As noted, the scientific rationale, preclinical development, and clinical use of IEC therapy have been extensively reviewed and will not be covered.5-13 FACT defines an IEC as “a cell that has differentiated into a form capable of modulating or affecting a specific immune response.” This definition includes the broad group of effectors listed in Table 1. Not included are hematopoietic progenitor cells and nucleated immune cells are used as unselected donor lymphocyte infusions and are covered under the FACT-JACIE Hematopoietic Cellular Therapy Standards.1 

FACT Standards for Immune Effector Cells4 and their accompanying accreditation programs have been created in response to the increasing use, clinical success, and complexity of IEC therapy. FACT developed these standards with collaborators from its founding organizations (ASTCT and ISCT), academic cell-therapy experts, and a representative of the Society for Immunotherapy of Cancer in 2018.1,14 Simultaneously, the FACT Standards unique to IECs were added to the FACT-JACIE Hematopoietic Cellular Therapy Standards (Edition 6, Version 6.1) with the acknowledgment that many transplantation programs are active in clinical trials and the therapeutic use of these products. The scope of the FACT Standards for Immune Effector Cells mirrors those developed for HCT programs and includes the clinical program and collection and processing facilities associated with IEC therapy.
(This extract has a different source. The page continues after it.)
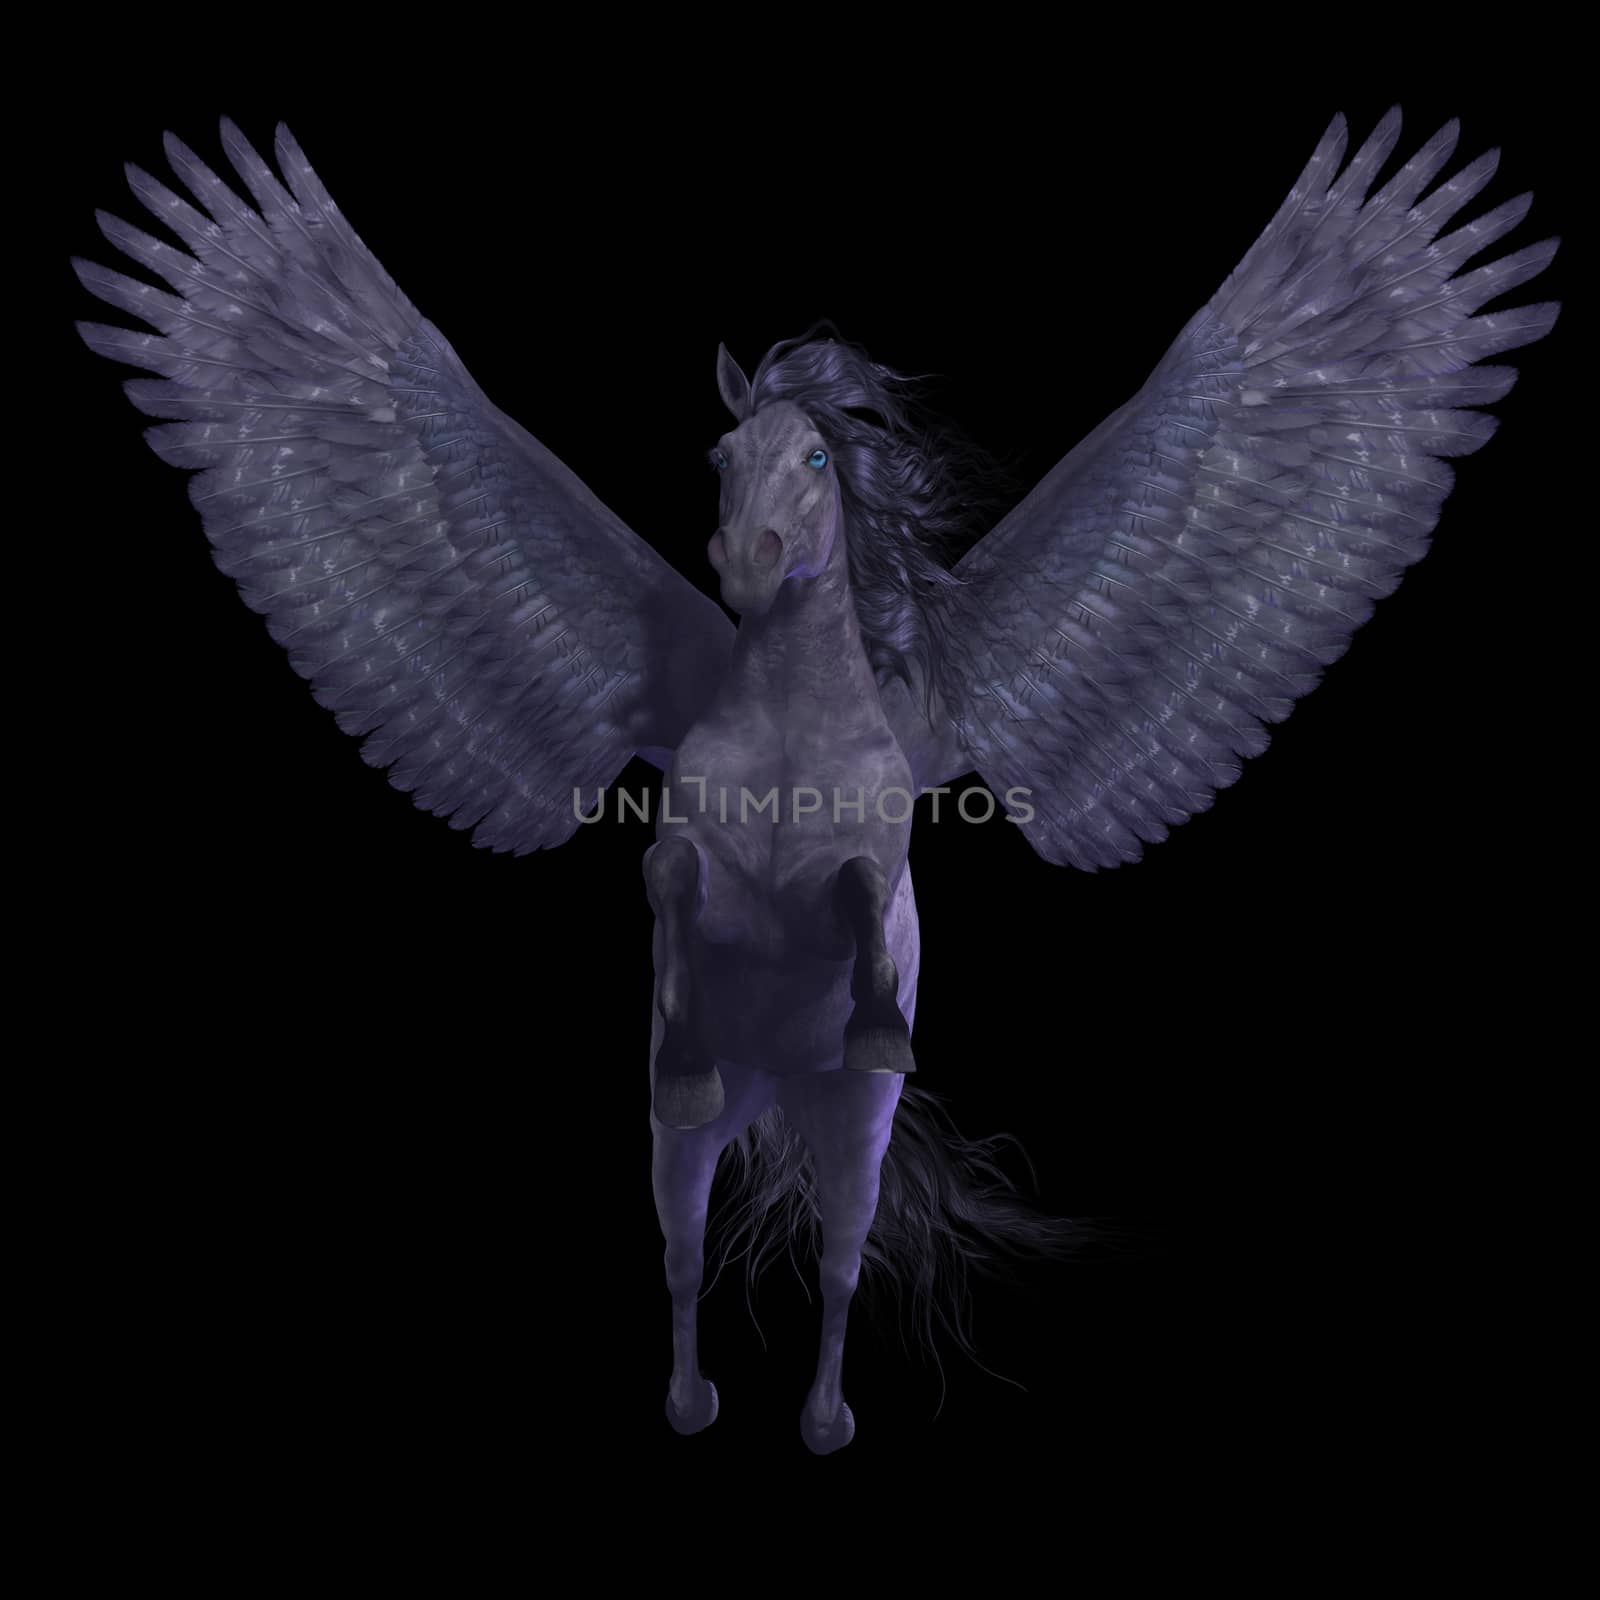 Pegasus is a divine mythical creature that has the form of a winged stallion horse.

The FACT Standards and accreditation do not outline the requirements for the scientific validity of IEC therapies or cover commercial manufacturing companies; rather, they expect a robust quality/safety program in which the source material is collected/handled and subsequently where final therapies are received, handled, and administered. Adherence to the FACT Standards requires the development of a program infrastructure that encompasses a comprehensive quality management program with provider training in the specific therapies administered and the development of written protocols and/or standard operating procedures (SOPs) on the clinical usage of IECs. These SOPs encompass patient selection, product collection/procurement, product administration, adverse event management, and evaluation and reporting of safety/outcome end points (preferably via the Center for International Blood and Marrow Transplant Research). Essential to the successful implementation of a robust quality management plan is the continuous self-assessment of the effectiveness of SOPs in the safe and effective use of IEC therapy. The standards are applicable wherever IECs are administered and are meant to improve the safety and quality of clinical trials, regulatory approval, commercialization, and reimbursement of IEC therapy, thereby increasing patient access to these life-saving treatments.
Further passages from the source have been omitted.